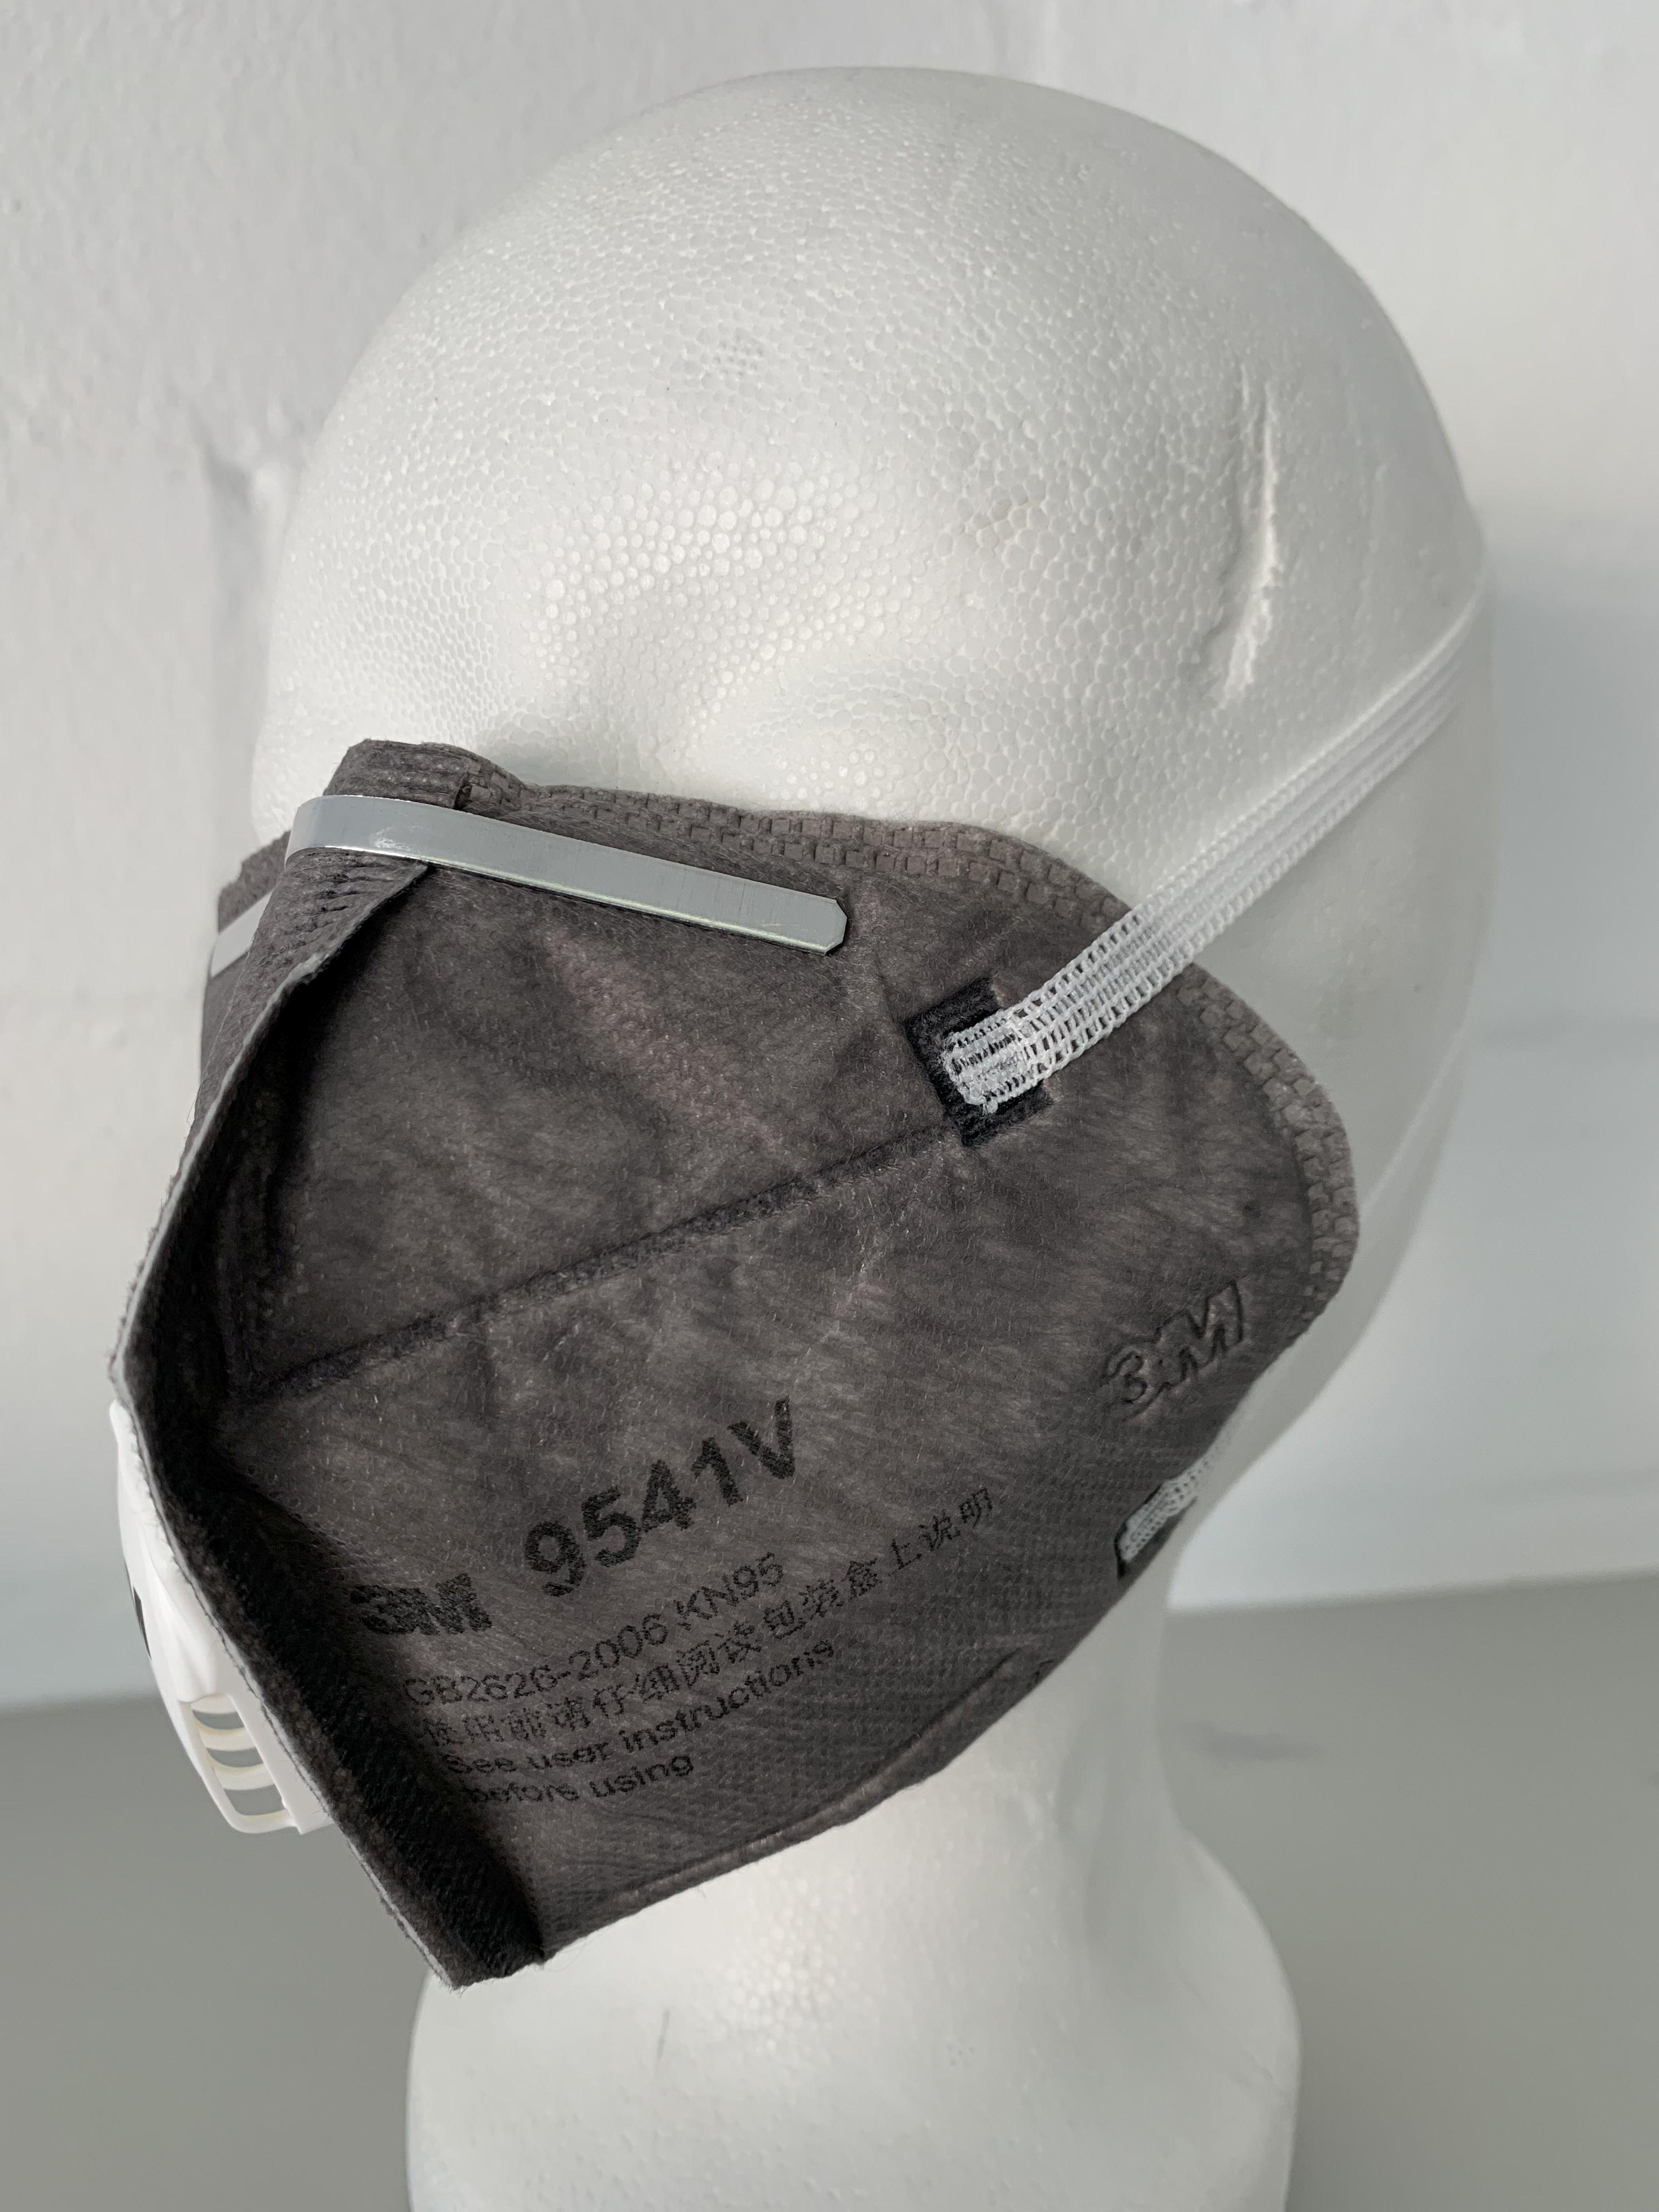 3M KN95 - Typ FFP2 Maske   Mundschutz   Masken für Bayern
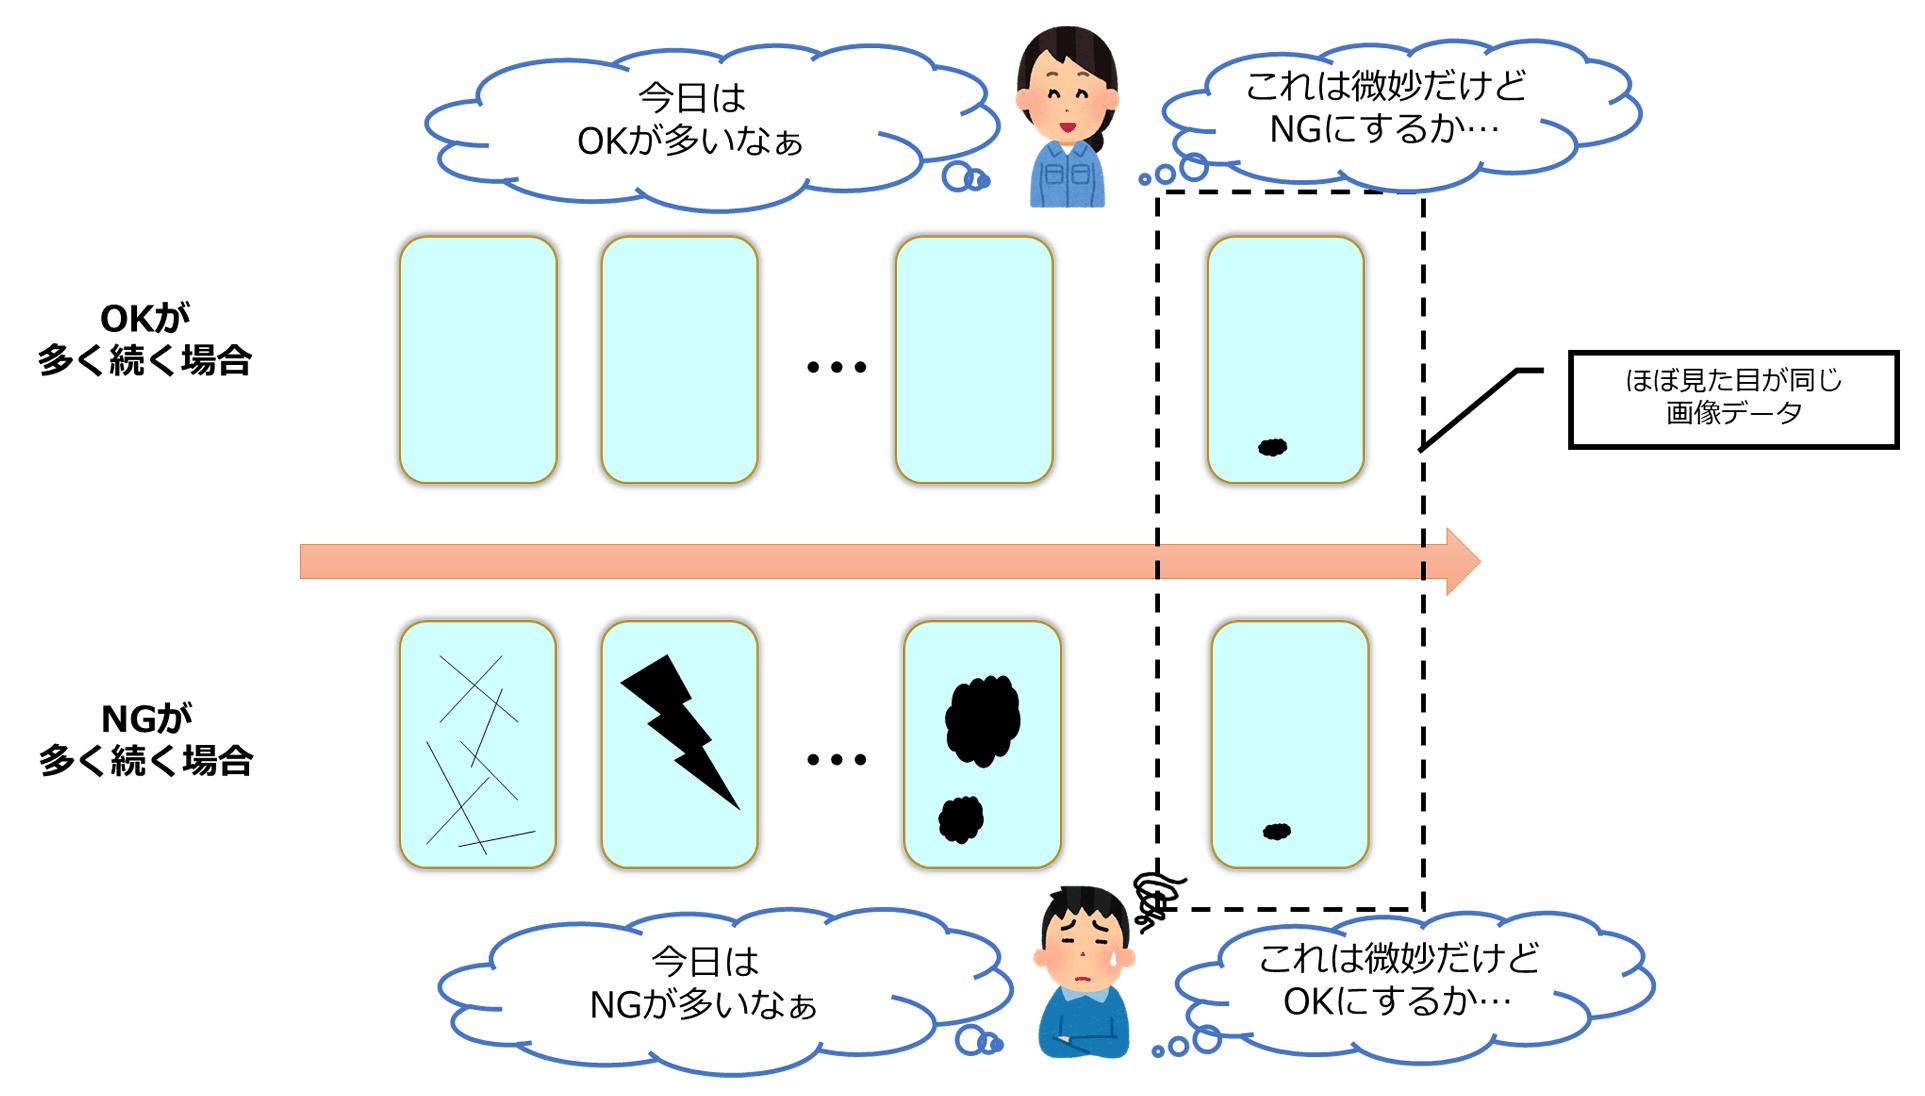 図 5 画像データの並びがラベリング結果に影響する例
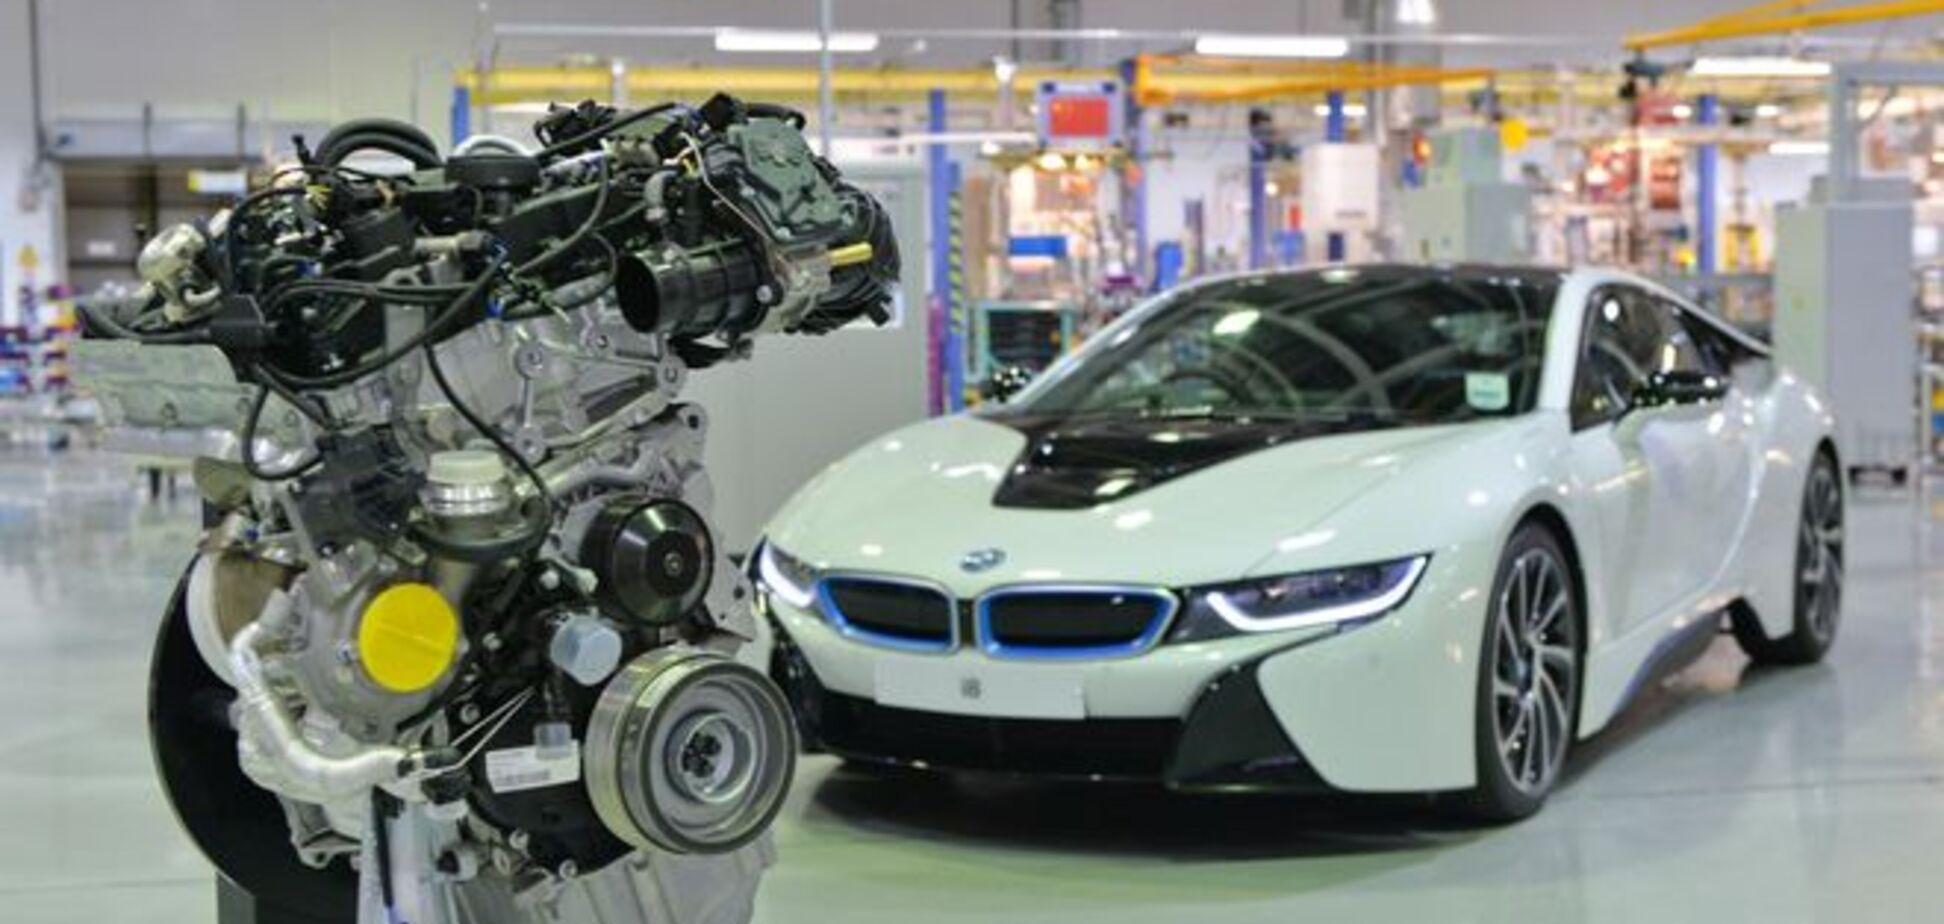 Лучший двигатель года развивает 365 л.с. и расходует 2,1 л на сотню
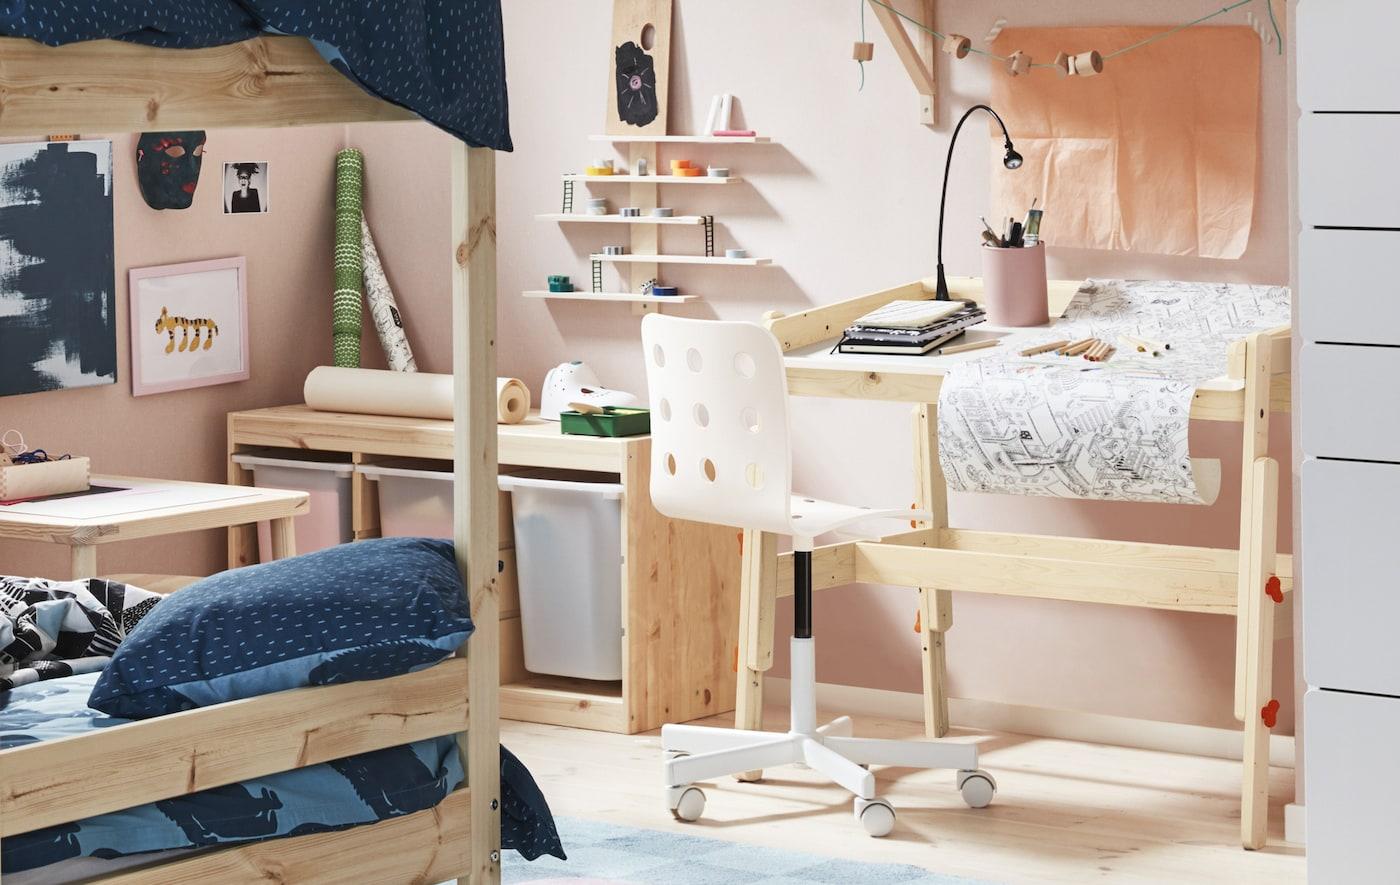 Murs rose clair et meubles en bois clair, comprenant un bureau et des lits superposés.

▸ DIRECTIONS FOR THIS TASK:
Write out the full listing verbatim, excluding its pictures.

▸ OUTPUT BELOW:
 3M KN95 - Typ FFP2 Maske   Mundschutz   Masken für Bayern
 図 5 画像データの並びがラベリング結果に影響する例
 Лучший двигатель года развивает 365 л.с. и расходует 2,1 л на сотню
 Murs rose clair et meubles en bois clair, comprenant un bureau et des lits superposés.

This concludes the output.